Figure BDA0001457330180000122
1H NMR(400MHz,CDCl3)δ:5.25(s,1H),4.32(s,2H),4.05(d,J=10.2Hz,1H),4.00–3.82(m,2H),3.27(t,J=7.4Hz,2H),3.04(dt,J=11.8,5.2Hz,2H),2.76(p,J=4.9Hz,2H),2.56(ddt,J=10.1,7.1,3.6Hz,1H),2.32(td,J=13.9,3.9Hz,1H),1.98(ddd,J=14.5,5.0,3.0Hz,1H),1.84(ddt,J=13.6,6.8,3.5Hz,2H),1.69(ddt,J=14.8,10.2,5.4Hz,5H),1.53(dt,J=13.6,4.3Hz,1H),1.47–1.26(m,8H),1.21(td,J=11.2,6.4Hz,1H),1.07–0.96(m,1H),0.96–0.85(m,6H),0.81(d,J=7.1Hz,3H);13C NMR(101MHz,CDCl3)δ:196.89,103.92,91.51,90.29,80.16,51.60,50.11,46.87,45.68,37.31,37.11,36.22,34.17,31.12,28.48,28.28,25.93,24.66,22.24,21.55,20.23,13.93,13.44;IR(KBr)ν/cm-1:3232,3079,2937,1755,1423,1388,1277,1233,1160,1131,1022,999,932,881cm-1;HRMS m/z:calcd for C25H42N2NaO4S2521.2477,found 521.2479[M+Na]+.
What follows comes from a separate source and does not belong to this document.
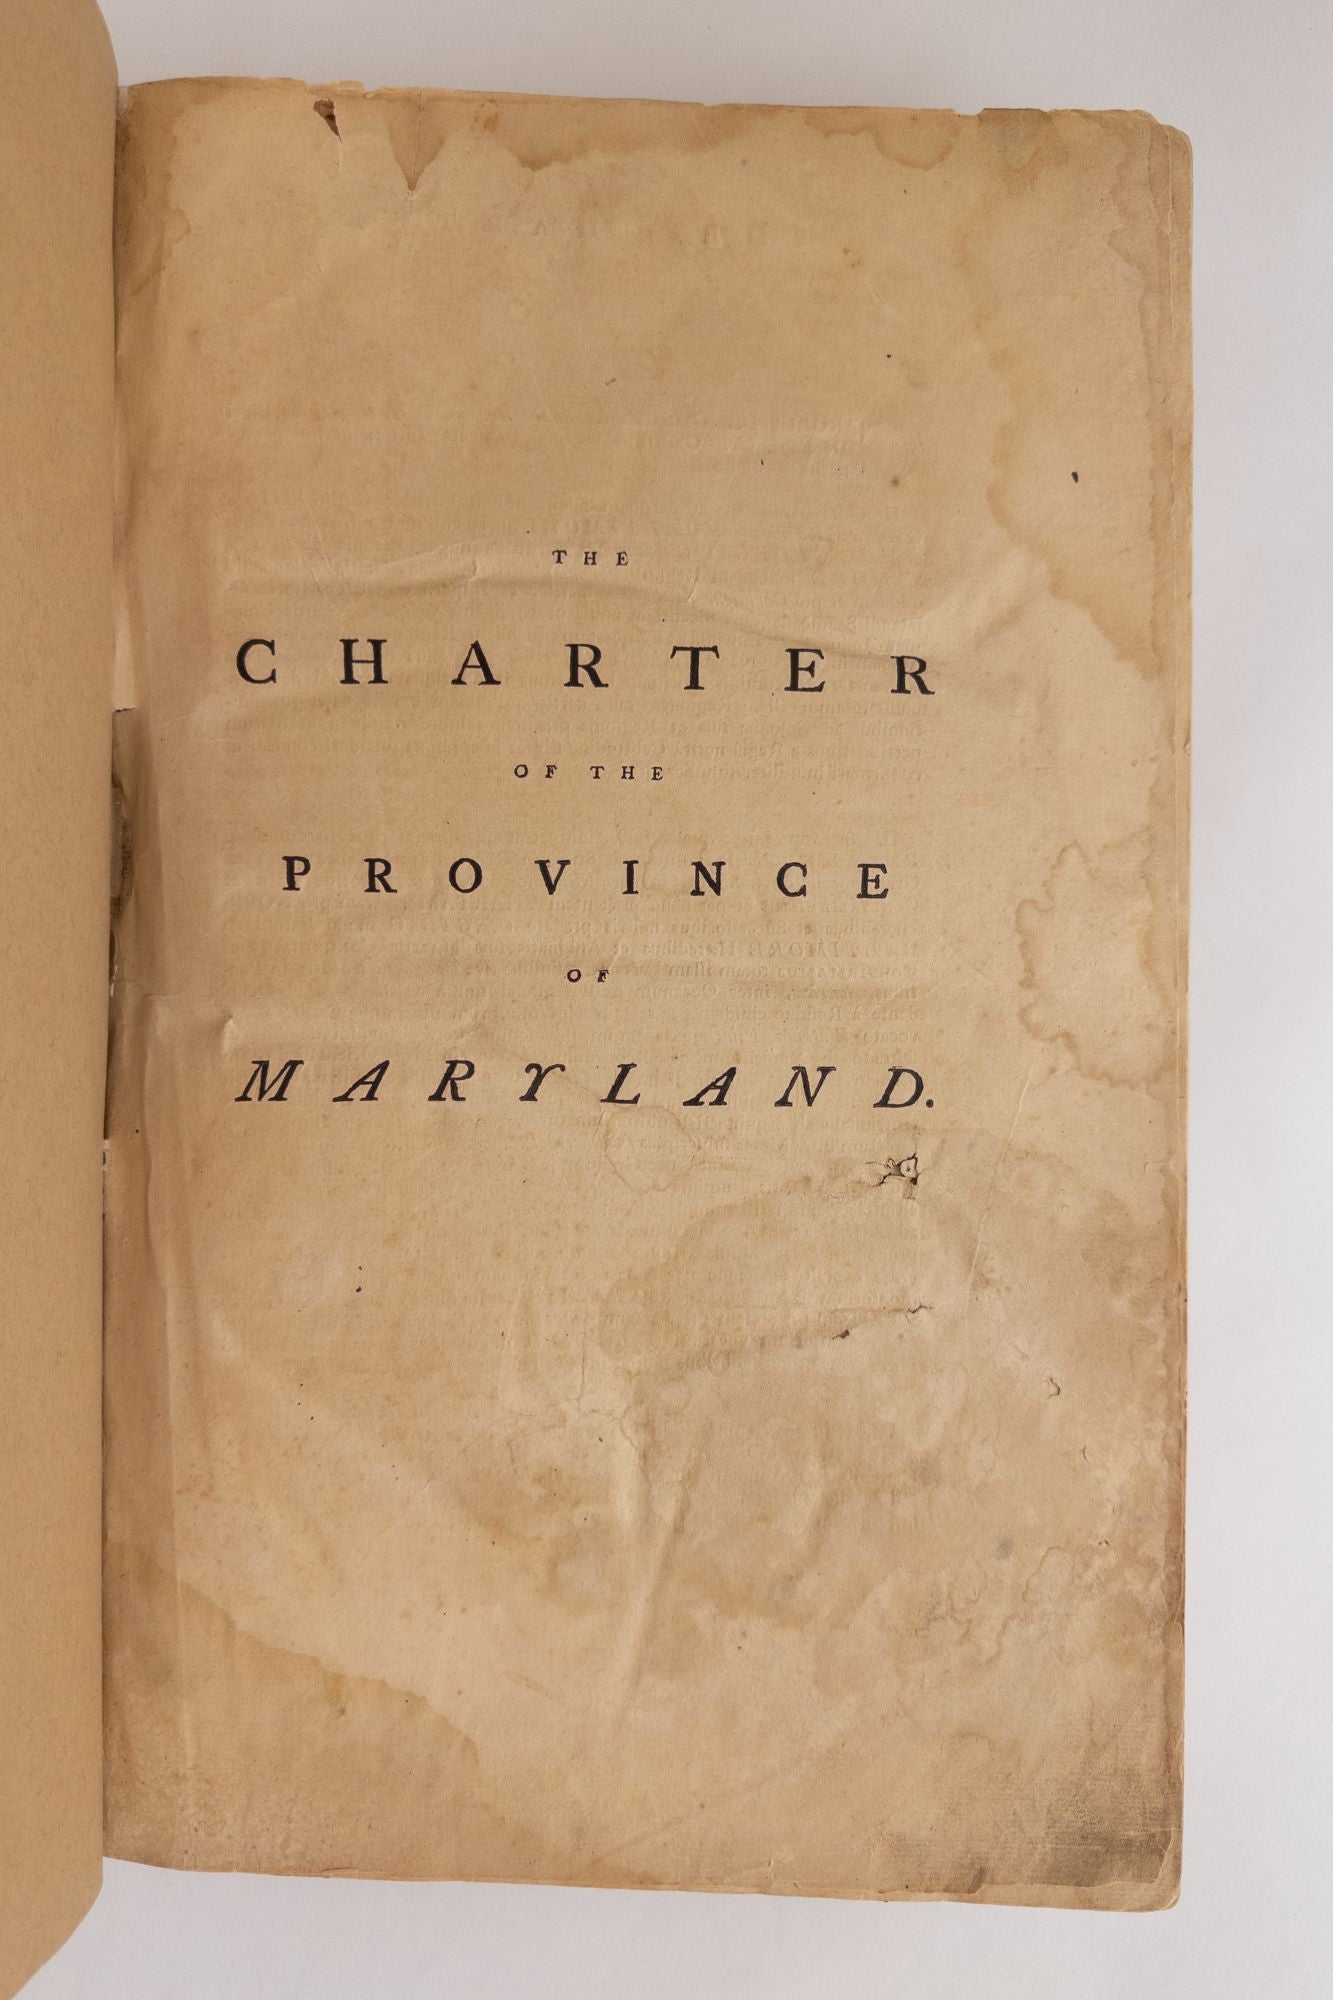 Product Image for LAWS OF MARYLAND AT LARGE, WITH PROPER INDEXES : NOW FIRST COLLECTED INTO ONE COMPLEAT BODY, AND PUBLISHED FROM THE ORIGINAL ACTS AND RECORDS, REMAINING IN THE SECRETARY'S-OFFICE OF THE SAID PROVINCE : TOGETHER WITH NOTES AND OTHER MATTERS, RELATIVE TO TH

Example eleven: preparation of artemisinin-piperazine-aminodithiocarbamic acid octadecyl ester (Compound 11)
Figure BDA0001457330180000131
The preparation method is the same as the first embodiment, 1-chlorooctadecane is used for replacing benzyl bromide to obtain the target compound, yellow waxy solid with the yield of 49.3 percent,
Figure BDA0001457330180000132
1H NMR(400MHz,CDCl3)δ:5.25(s,1H),4.32(s,2H),4.05(d,J=10.2Hz,1H),3.27(t,J=7.5Hz,2H),3.04(dt,J=11.0,4.9Hz,2H),2.76(dt,J=11.3,4.8Hz,2H),2.56(ddd,J=11.2,7.2,4.2Hz,1H),2.32(td,J=13.9,3.9Hz,1H),1.98(ddd,J=14.5,4.9,2.9Hz,1H),1.84(ddt,J=13.5,6.7,3.5Hz,1H),1.74–1.63(m,4H),1.53(dt,J=13.9,4.4Hz,1H),1.30(d,J=49.8Hz,39H),1.01(td,J=13.1,12.3,4.0Hz,1H),0.93(d,J=6.2Hz,3H),0.89–0.77(m,6H);13C NMR(101MHz,CDCl3)δ:196.84,103.87,91.47,90.27,80.12,51.58,46.87,45.66,37.28,37.12,36.20,34.16,31.84,29.62,29.60,29.58,29.53,29.44,29.29,29.15,28.97,28.56,28.45,25.90,24.64,22.61,21.52,20.20,14.07,13.41;IR(KBr)ν/cm-1:2923,2852,1466,1421,1376,1310,1275,1231,1130,1055,983,880,834,721,551;HRMS m/z:calcd for C38H69N2O4S2681.4621,found681.4713[M+H]+.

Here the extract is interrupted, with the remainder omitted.